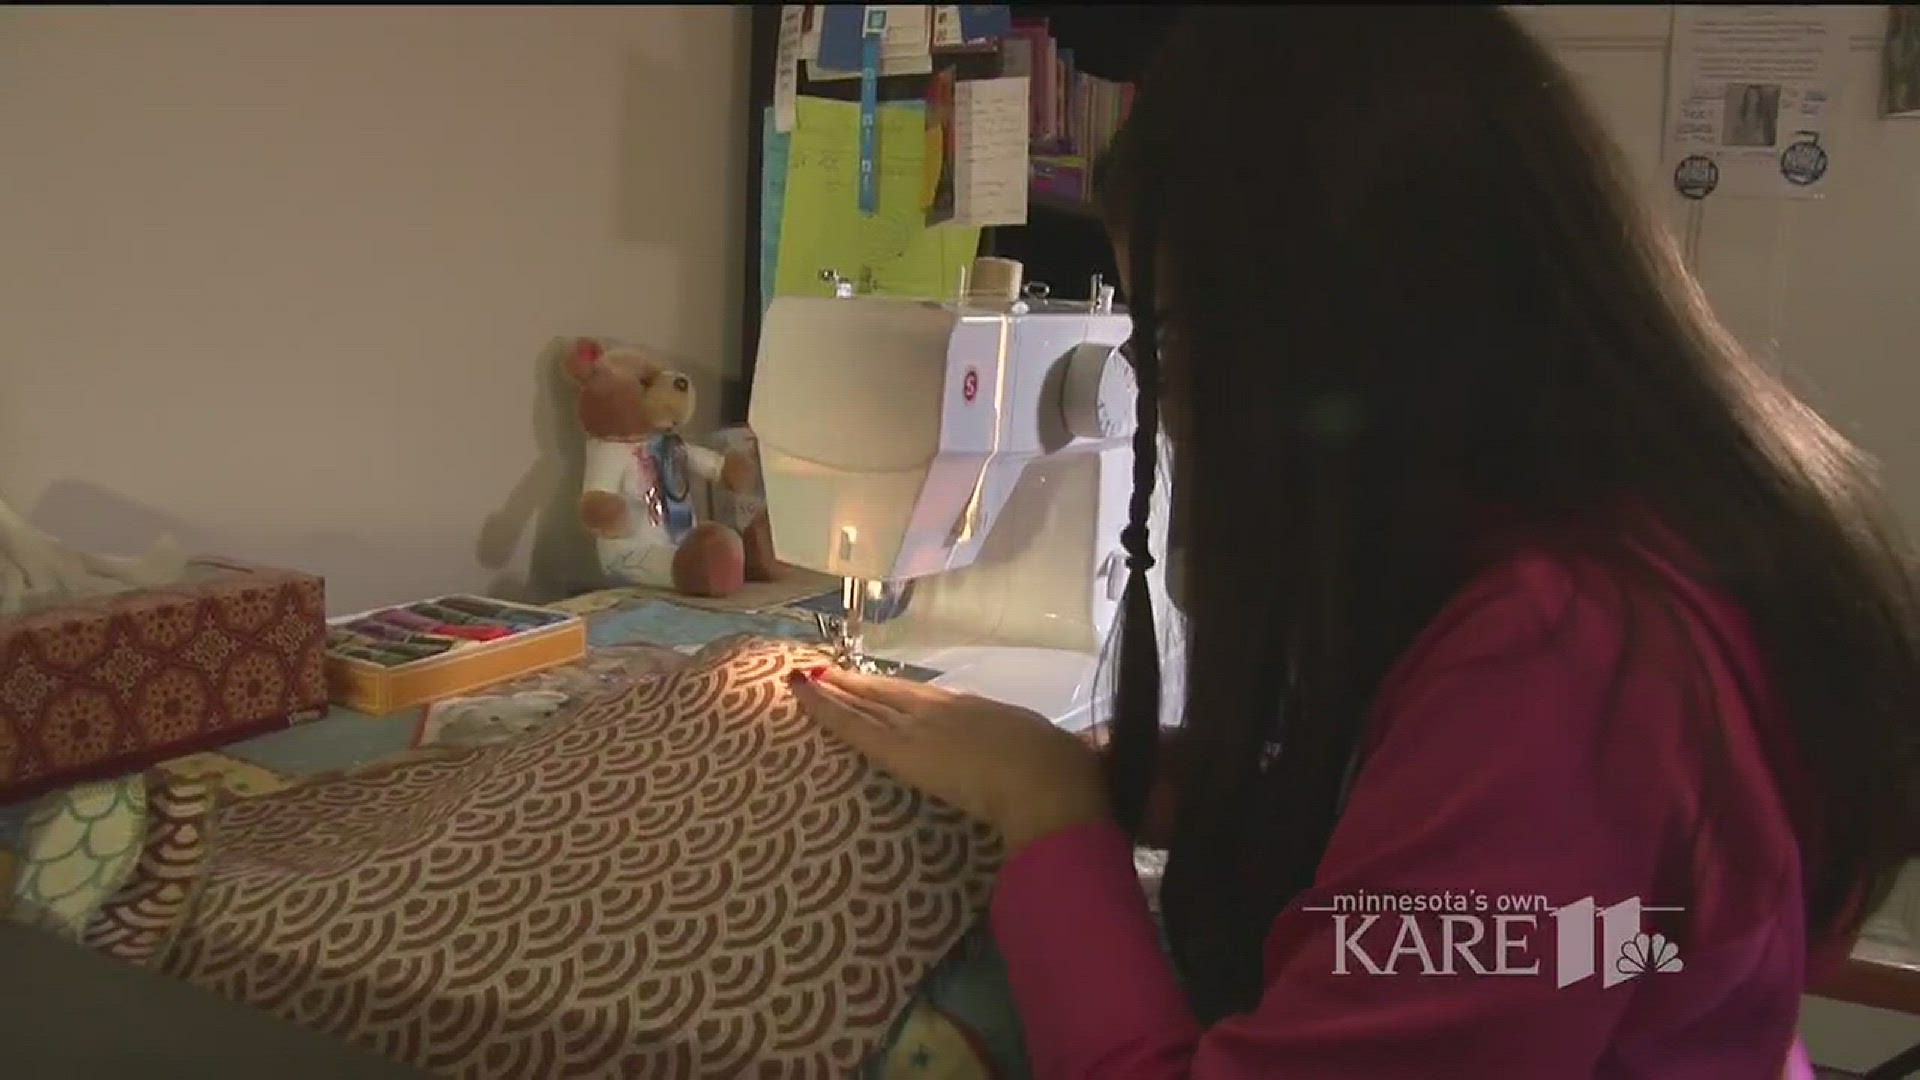 A Prior Lake 5the grader uses her Christmas wish to help others
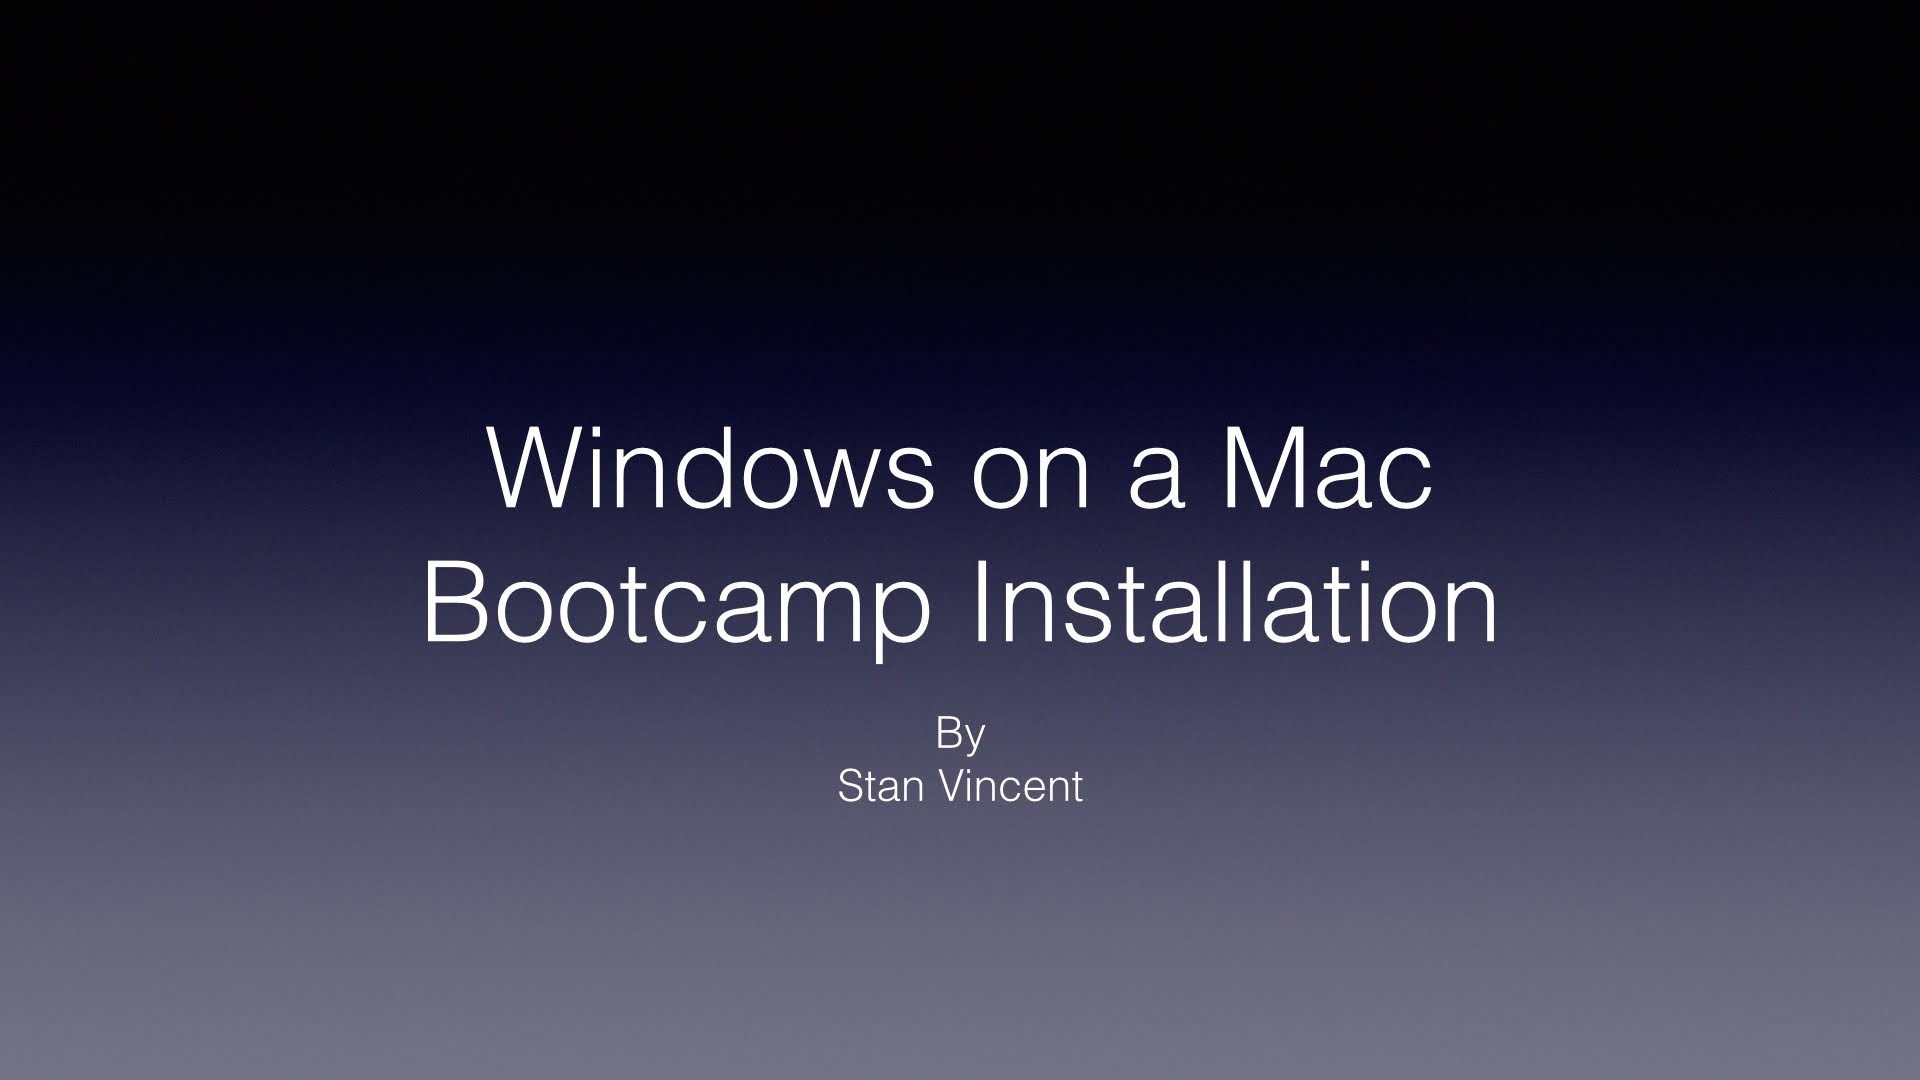 1920x1080 Windows on a Mac | How to install Windows 8 on a Mac Book Pro | Apple |  Bootcamp
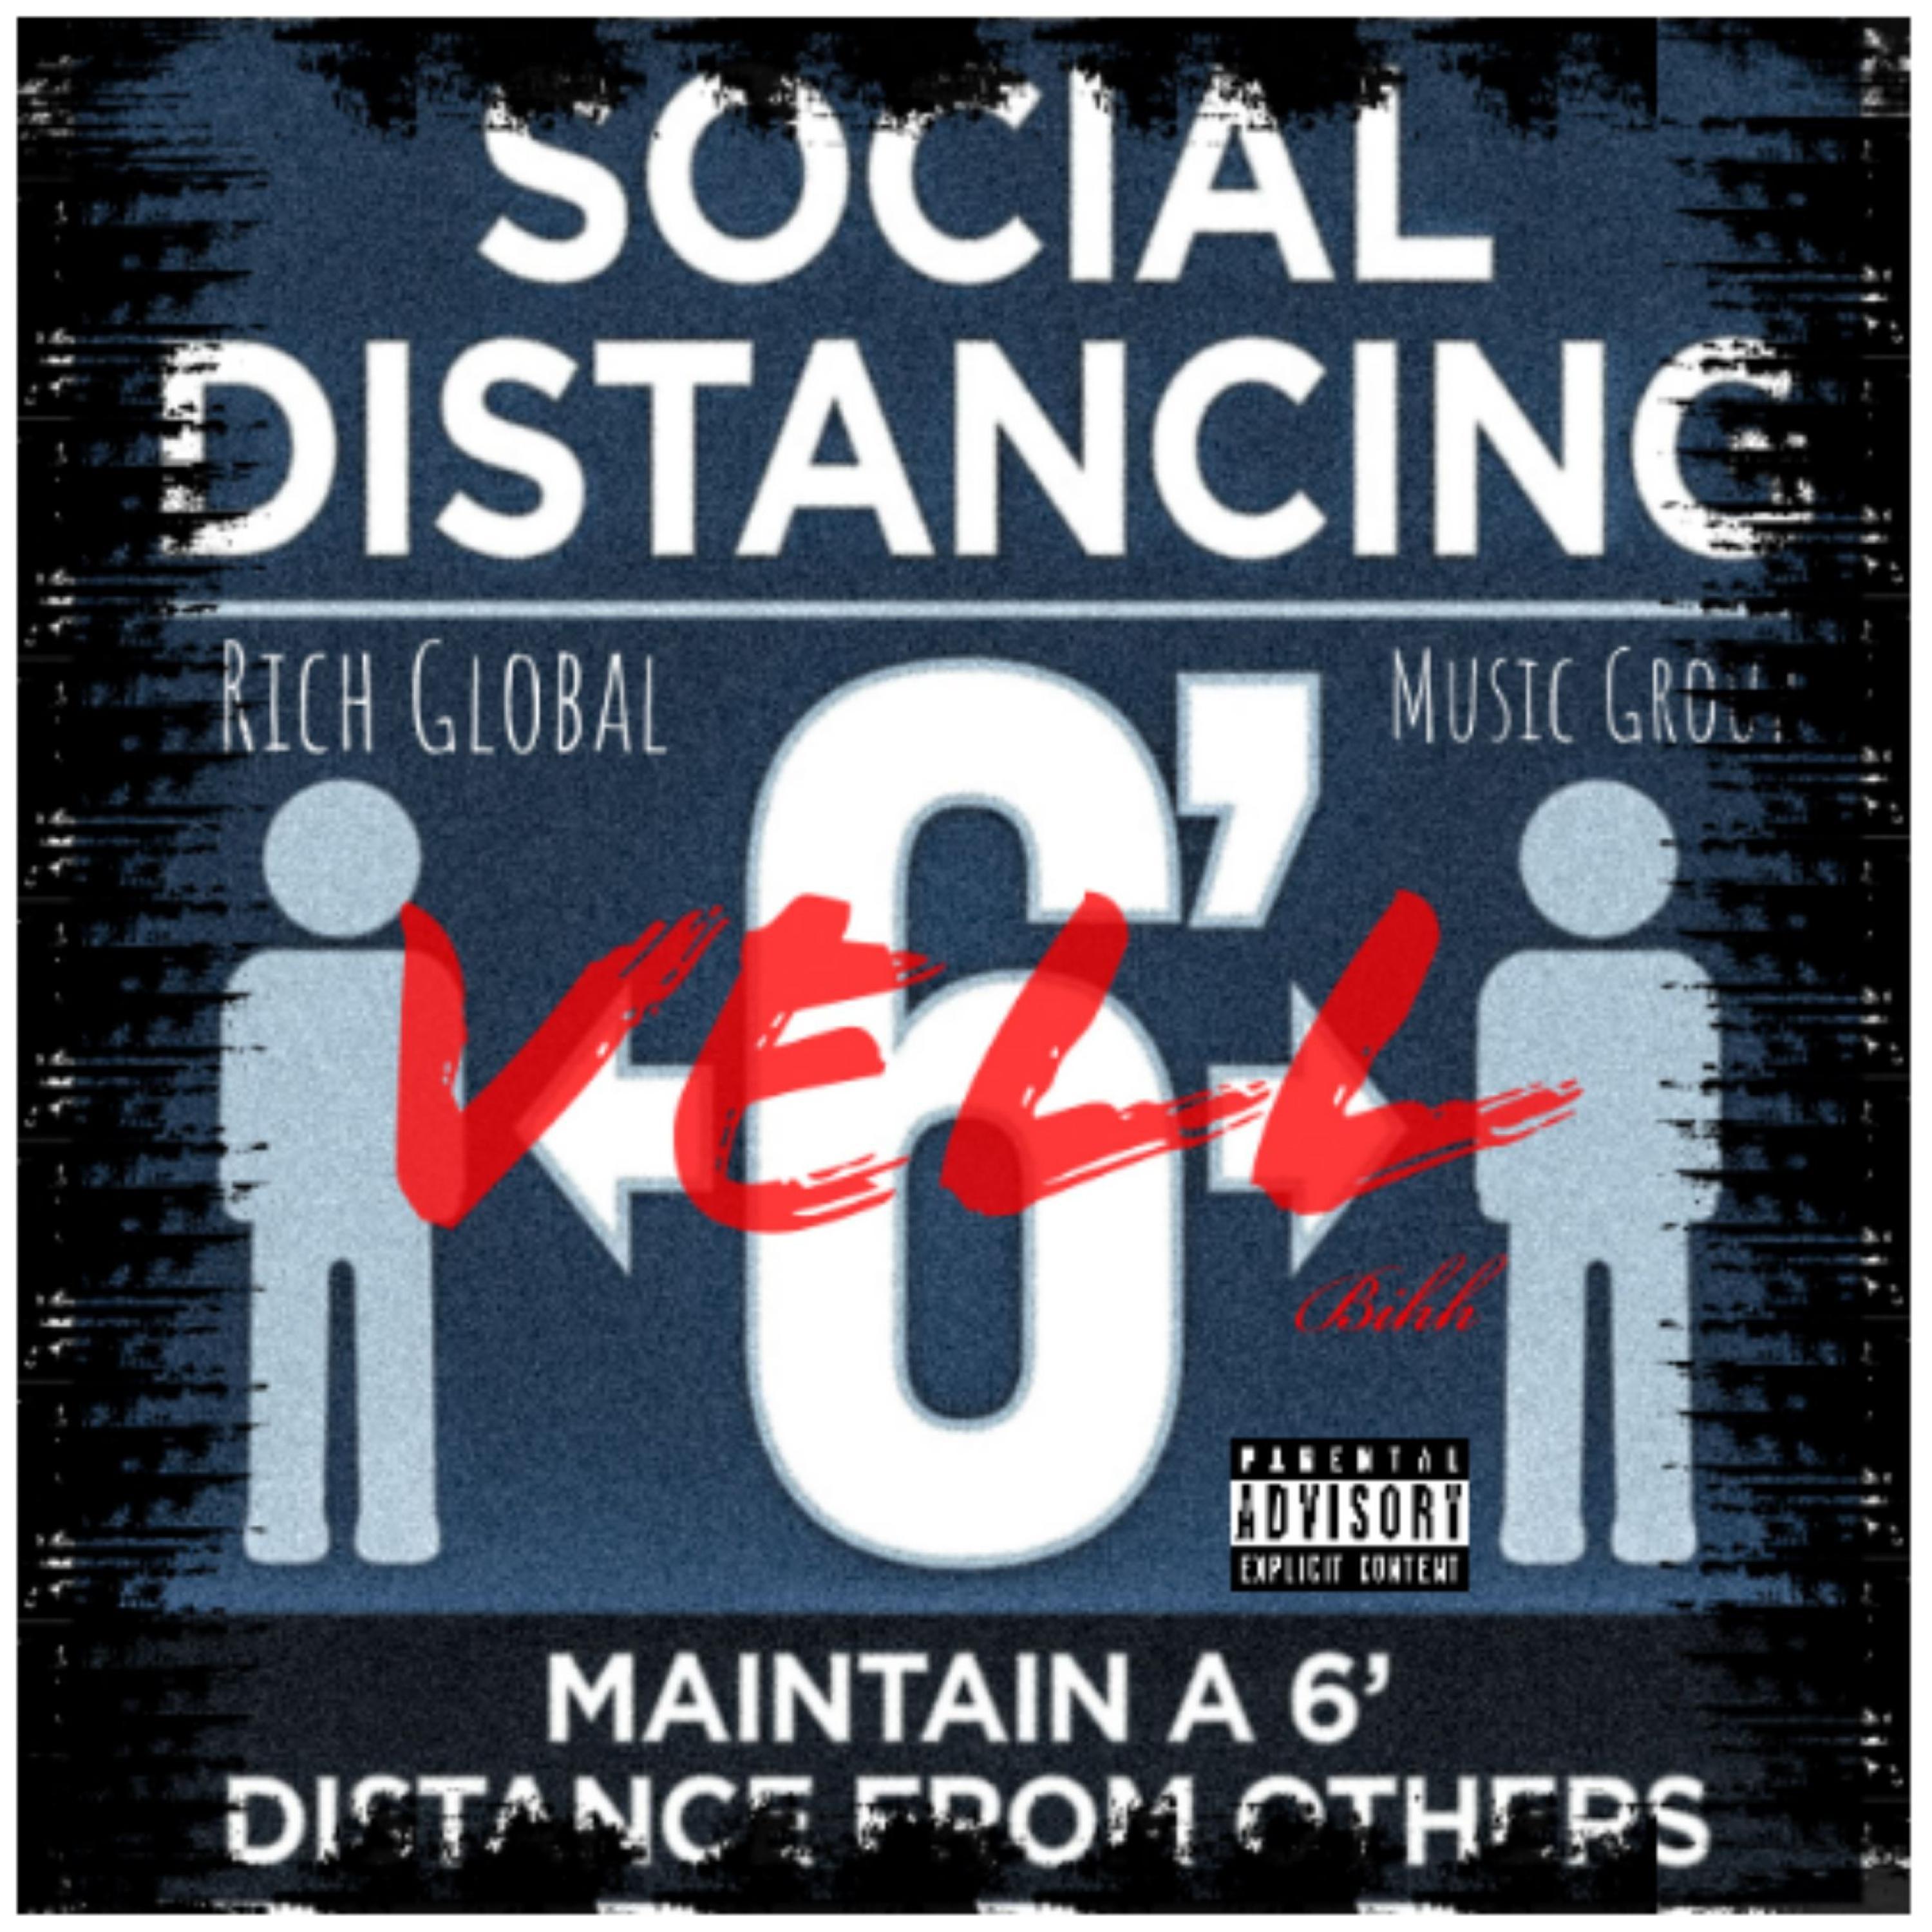 Vell - Social Distancing

[EXERCISE DESCRIPTION] With the pictures left out, return the listing above exactly as it stands.

[RESULT BELOW]
 A Prior Lake 5the grader uses her Christmas wish to help others
 1920x1080 Windows on a Mac | How to install Windows 8 on a Mac Book Pro | Apple |  Bootcamp
 Vell - Social Distancing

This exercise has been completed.